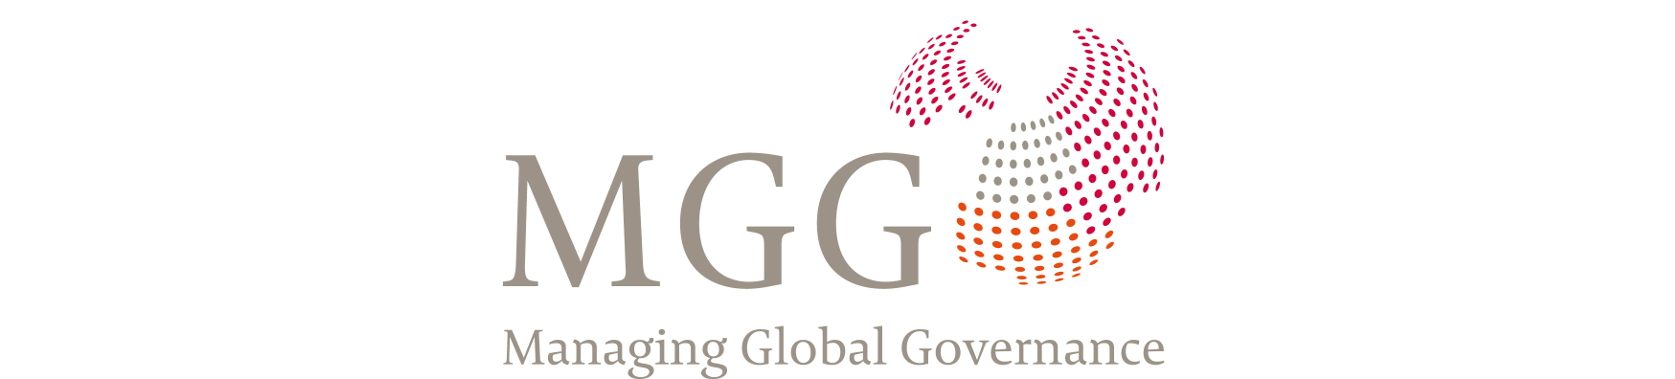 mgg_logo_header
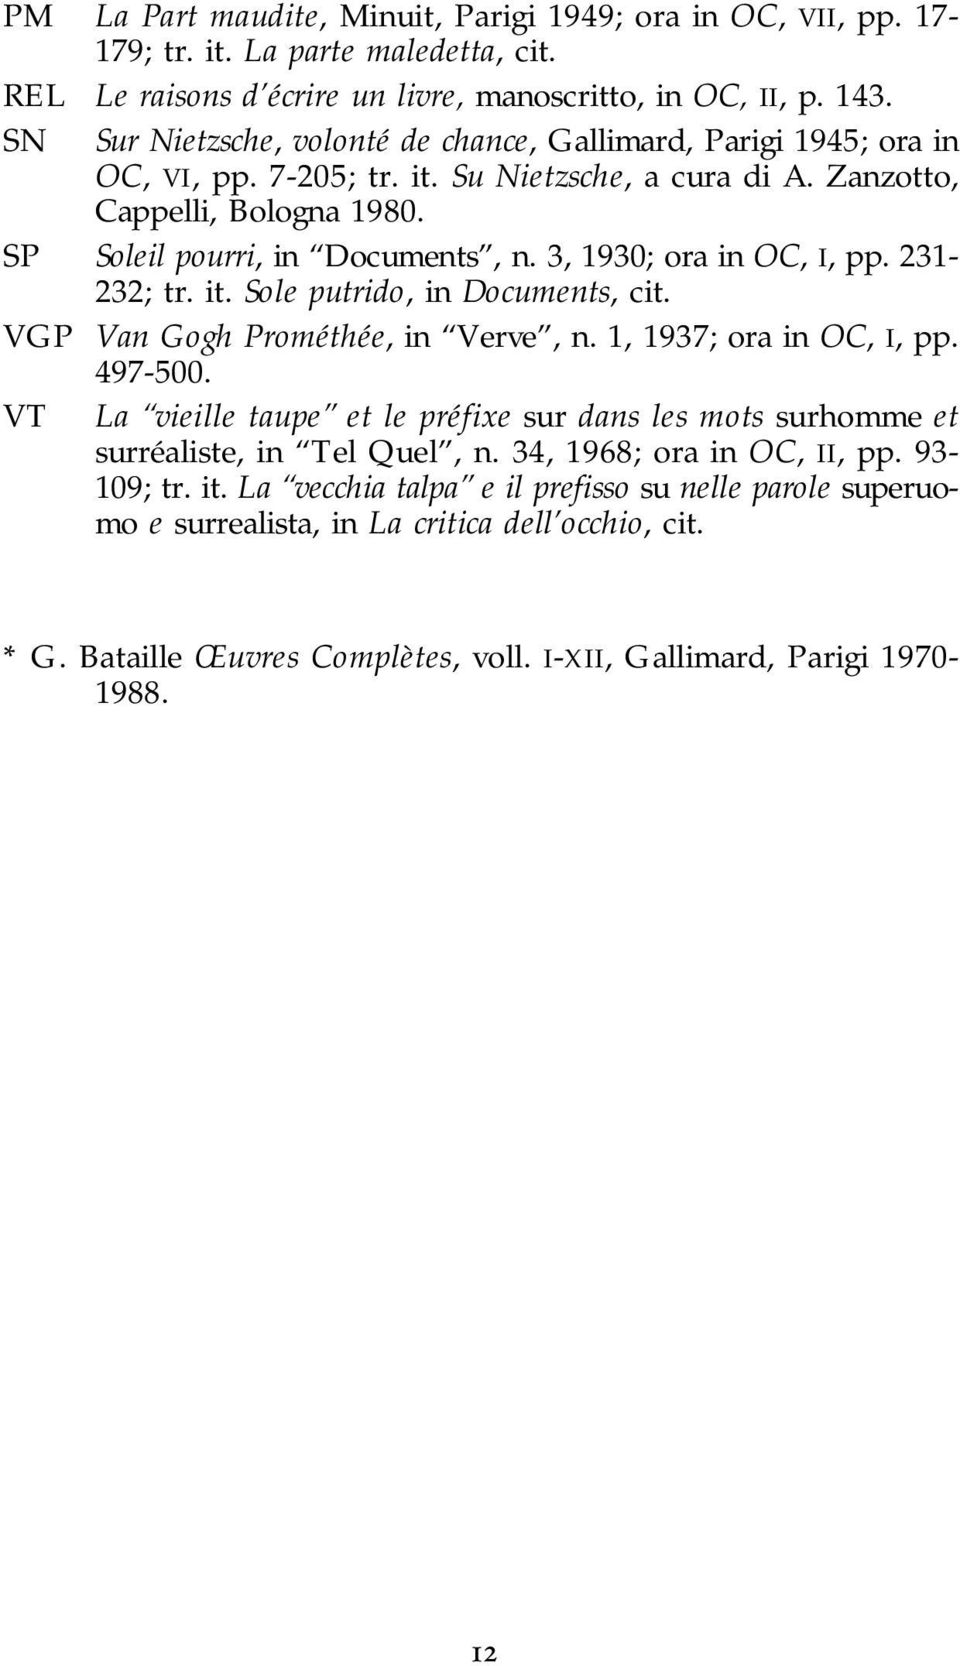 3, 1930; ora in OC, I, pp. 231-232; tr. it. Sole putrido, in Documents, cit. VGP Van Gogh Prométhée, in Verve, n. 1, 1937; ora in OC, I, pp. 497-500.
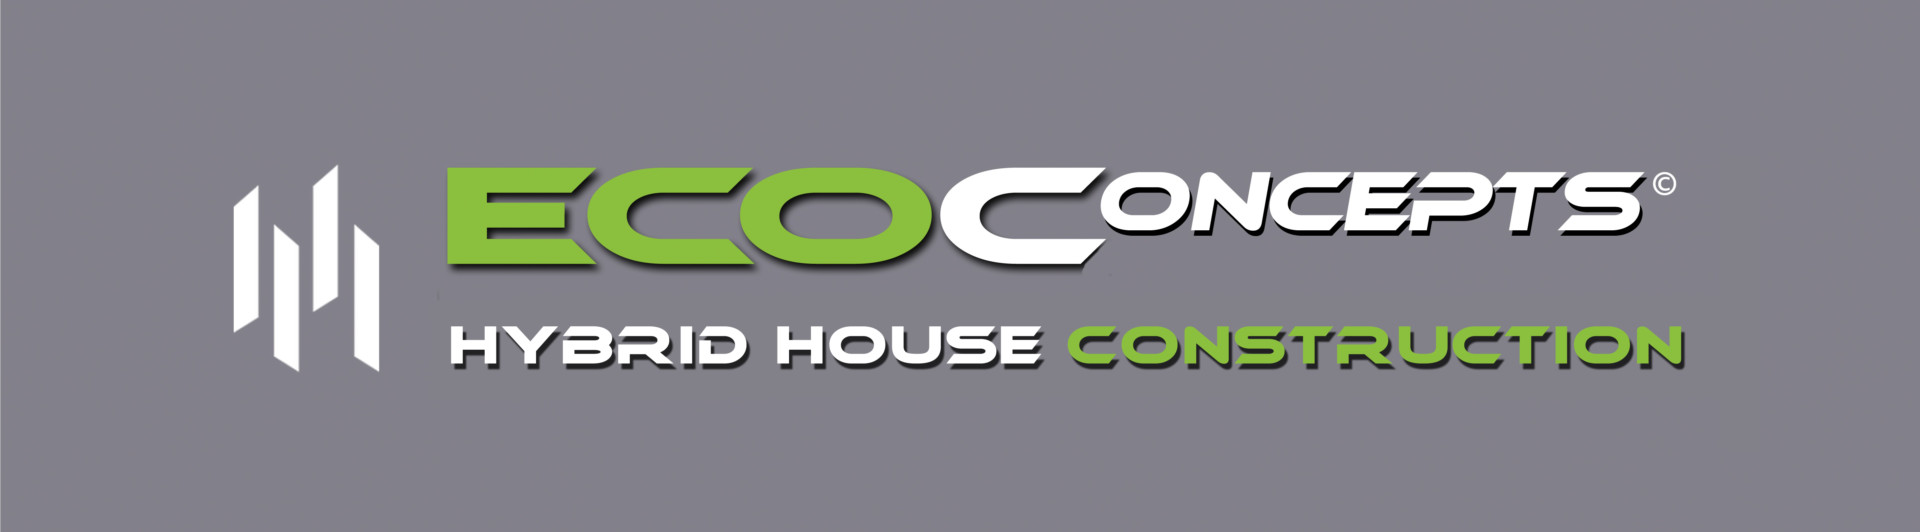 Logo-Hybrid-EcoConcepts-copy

- What this task involves
From the line with "3, 1930; ora" through the end of the listing, write out every line exactly, leaving out the pictures.

- Response
 3, 1930; ora in OC, I, pp. 231-232; tr. it. Sole putrido, in Documents, cit. VGP Van Gogh Prométhée, in Verve, n. 1, 1937; ora in OC, I, pp. 497-500.
 Logo-Hybrid-EcoConcepts-copy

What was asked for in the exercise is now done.